Four Spaces

We will discuss the four fundamental subspaces associated with every m×n real or complex matrix.
Four Fundamental subspaces associated with every m×n real matrix β A:
  1. The row space of matrix A, which is subspace of ℝn. The row space is the column space for the transposed matrix AT or adjoint matrix A.
  2. The column space (also called the range or image when matrix A is considered as a transformation) of matrix A, which is subspace of ℝm. The column space is the row space for the transposed matrix AT or adjoint matrix A.
  3. The nullspace (also called kernel when matrix A is considered as a transformation) of matrix A, which is subspace of ℝn. It consists of all n-vectors x that are mapped by A into zero vector: Ax = 0.
  4. The cokernel (also called left nullspace) of A, which is the kernel of AT. It is subspace of ℝm.
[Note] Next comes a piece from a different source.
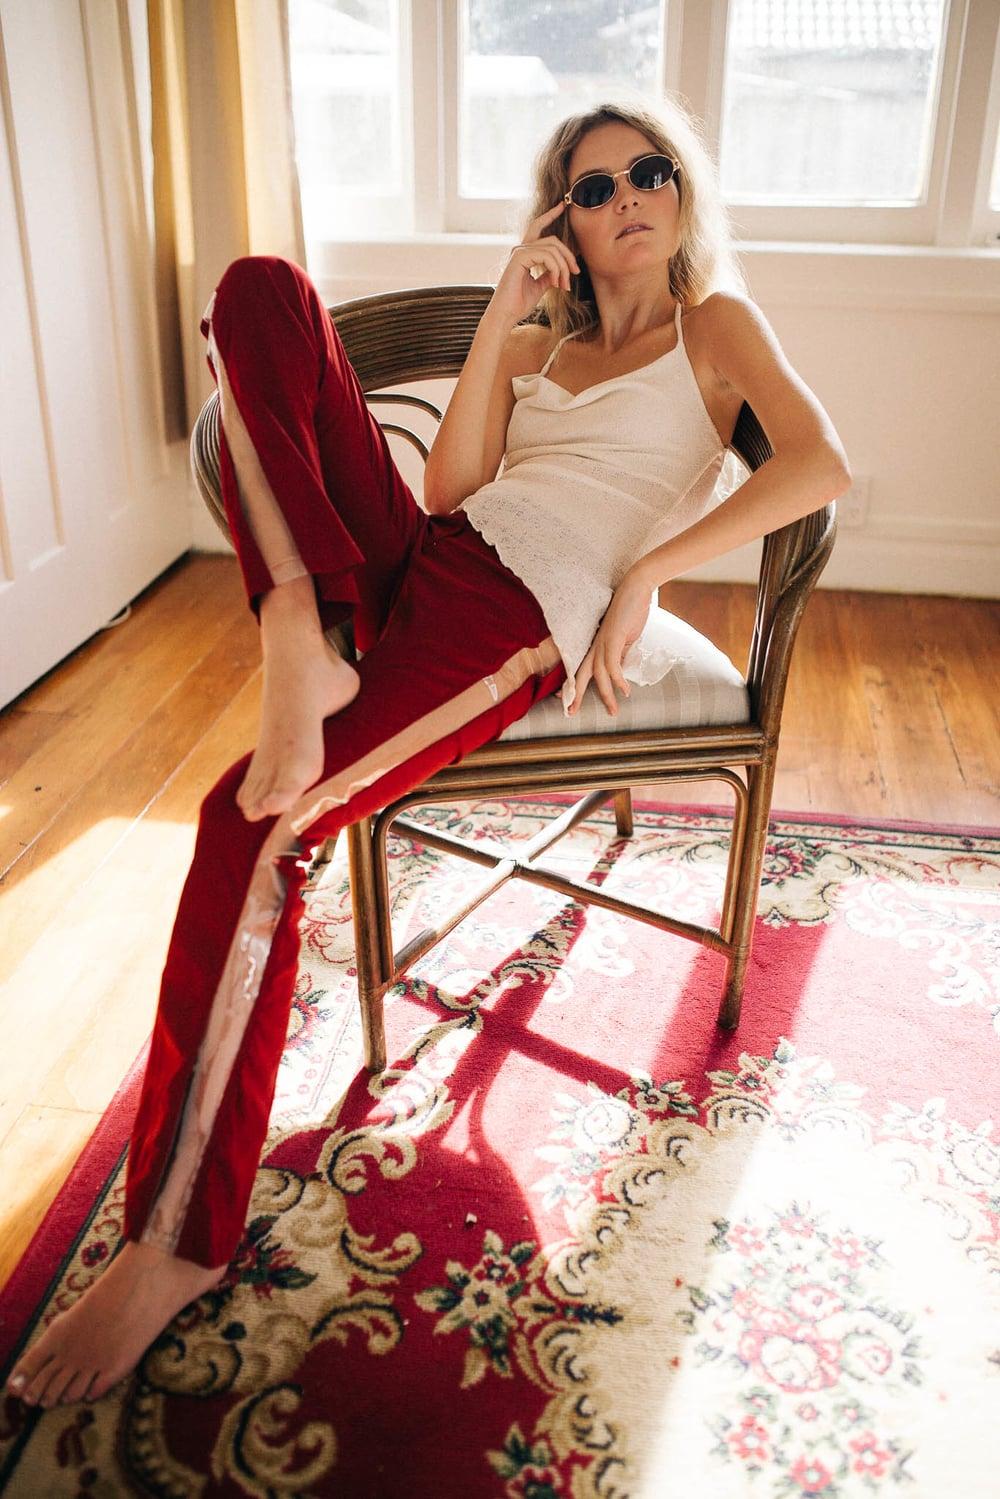 Ellen Richardson - Fashion - Girls Money Club 1-1.jpg

The cokernel includes all solutions of the vector equation yT A = 0 or Ay = 0.

  Recall that a set of vectors β is said to generate or span a vector space V if every element from V can be represented as a linear combination of vectors from β.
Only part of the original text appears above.